STATE OF MINNESOTA IN COURT OF APPEALS
Mar 5, 2018
A17-0670 (Minn. Ct. App. Mar. 5, 2018)

Opinion

A17-0670

03-05-2018

In re the Custody of J. M. H. and A. M. H. Roland John Hillstrom, petitioner, Respondent, v. Heather Joy Aschoff, Appellant

Carrie A. Doom, McKinnis & Doom, P.A., Cambridge, Minnesota (for respondent) Elizabeth A. Schading, Barna, Guzy & Steffen, Ltd., Minneapolis, Minnesota (for appellant)


This opinion will be unpublished and may not be cited except as provided by Minn . Stat. § 480A.08, subd. 3 (2016). Affirmed
Worke, Judge Isanti County District Court
File No. 30-FA-15-63 Carrie A. Doom, McKinnis & Doom, P.A., Cambridge, Minnesota (for respondent) Elizabeth A. Schading, Barna, Guzy & Steffen, Ltd., Minneapolis, Minnesota (for appellant) Considered and decided by Reilly, Presiding Judge; Worke, Judge; and Rodenberg, Judge.

UNPUBLISHED OPINION

WORKE, Judge

Appellant argues that the district court abused its discretion by awarding respondent equal parenting time contrary to the wishes of their children and the recommendation of a neutral psychologist, by modifying the children's primary residence, and by modifying respondent's child-support obligation without current income information. We affirm.

FACTS

Appellant-mother Heather Joy Aschoff and respondent-father Roland John Hillstrom are the parents of 15-year-old J.H. and 12-year-old A.H. The never-married parties ended their relationship, and in March 2015, father filed a petition to establish custody and parenting time. The parties agreed to retain Dr. Michael Keller to meet with the children and make a recommendation as to the children's primary residence. Dr. Keller issued a report in April 2015 in which he stated that although the children reported that they love their parents equally, the children have a stronger and closer relationship with mother. Dr. Keller recommended that both children should live with mother as their primary parent and as their primary household, but that they should have a schedule of visitation and parenting time with father.

The district court filed an order for temporary relief in June 2015 directing father to pay a total of $1,407 per month in child support. The district court also granted the parties temporary joint legal custody of the children, named mother's home as the children's temporary primary residence, and ordered that father would have parenting time every other weekend and one overnight per week.

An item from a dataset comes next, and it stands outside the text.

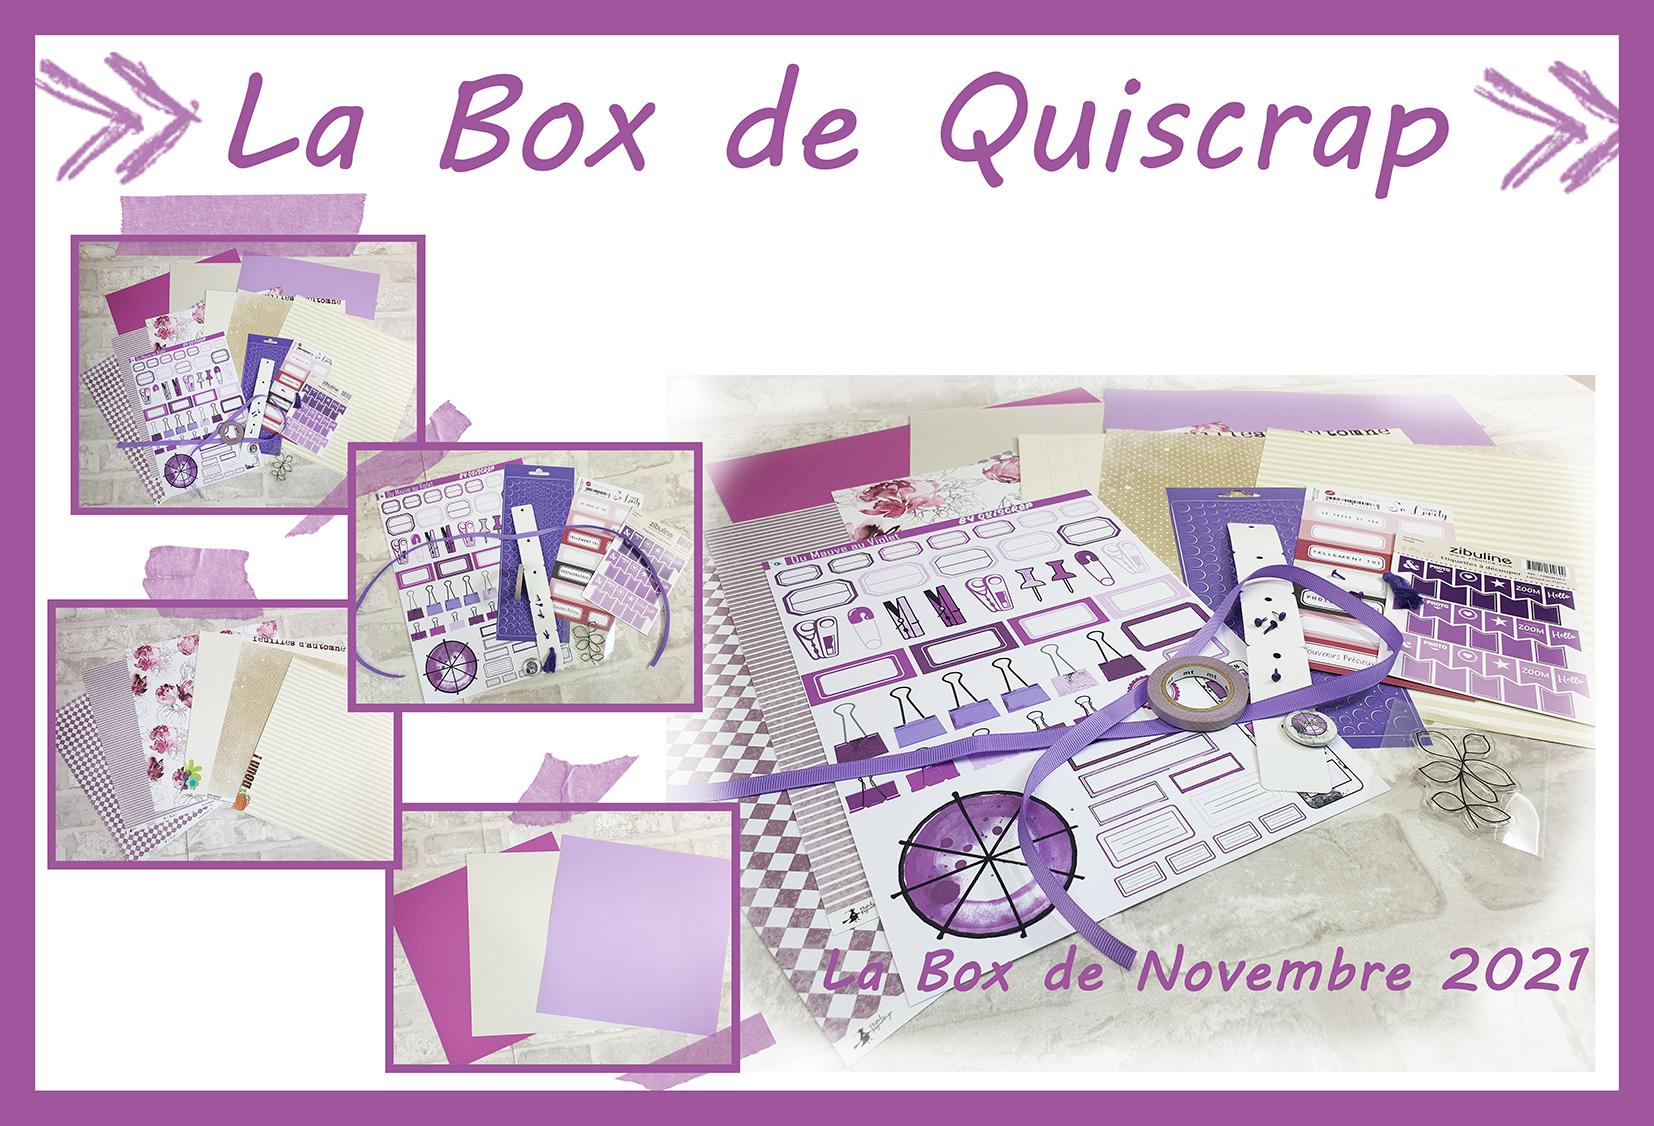 La Box de Novembre 2021

Dr. Keller issued another report in December 2015, noting that both children reported being angry with father for ending his relationship with mother to pursue another relationship. Dr. Keller recommended that the temporary parenting schedule be maintained, and that father participate in parent-child therapy with his children to address their feelings about how and why father and mother ended their relationship.

In January 2016, the district court filed a stipulated order in which the parties agreed to joint legal custody, with mother's residence serving as the children's primary residence. The parties also agreed to share parenting time, with mother having the children four days per week. The parties agreed to follow Dr. Keller's therapeutic recommendations and agreed that father would continue to pay $1,407 per month in child support.

In December 2016, father moved to modify parenting time and child support. Father sought the addition of parenting time for two Thursdays per month, meaning that the parties would have equal parenting time. The district court instructed the parties to have Dr. Keller speak with the children again regarding father's motion to modify parenting time.

Dr. Keller issued a report in January 2017 stating that the children reported that the relationship with their father had notably improved and that parent-child counseling contributed to that improvement. Dr. Keller reported that the children preferred fewer days of parenting time with father but that the present schedule would be acceptable to both children. Dr. Keller recommended that the current parenting-time schedule be maintained.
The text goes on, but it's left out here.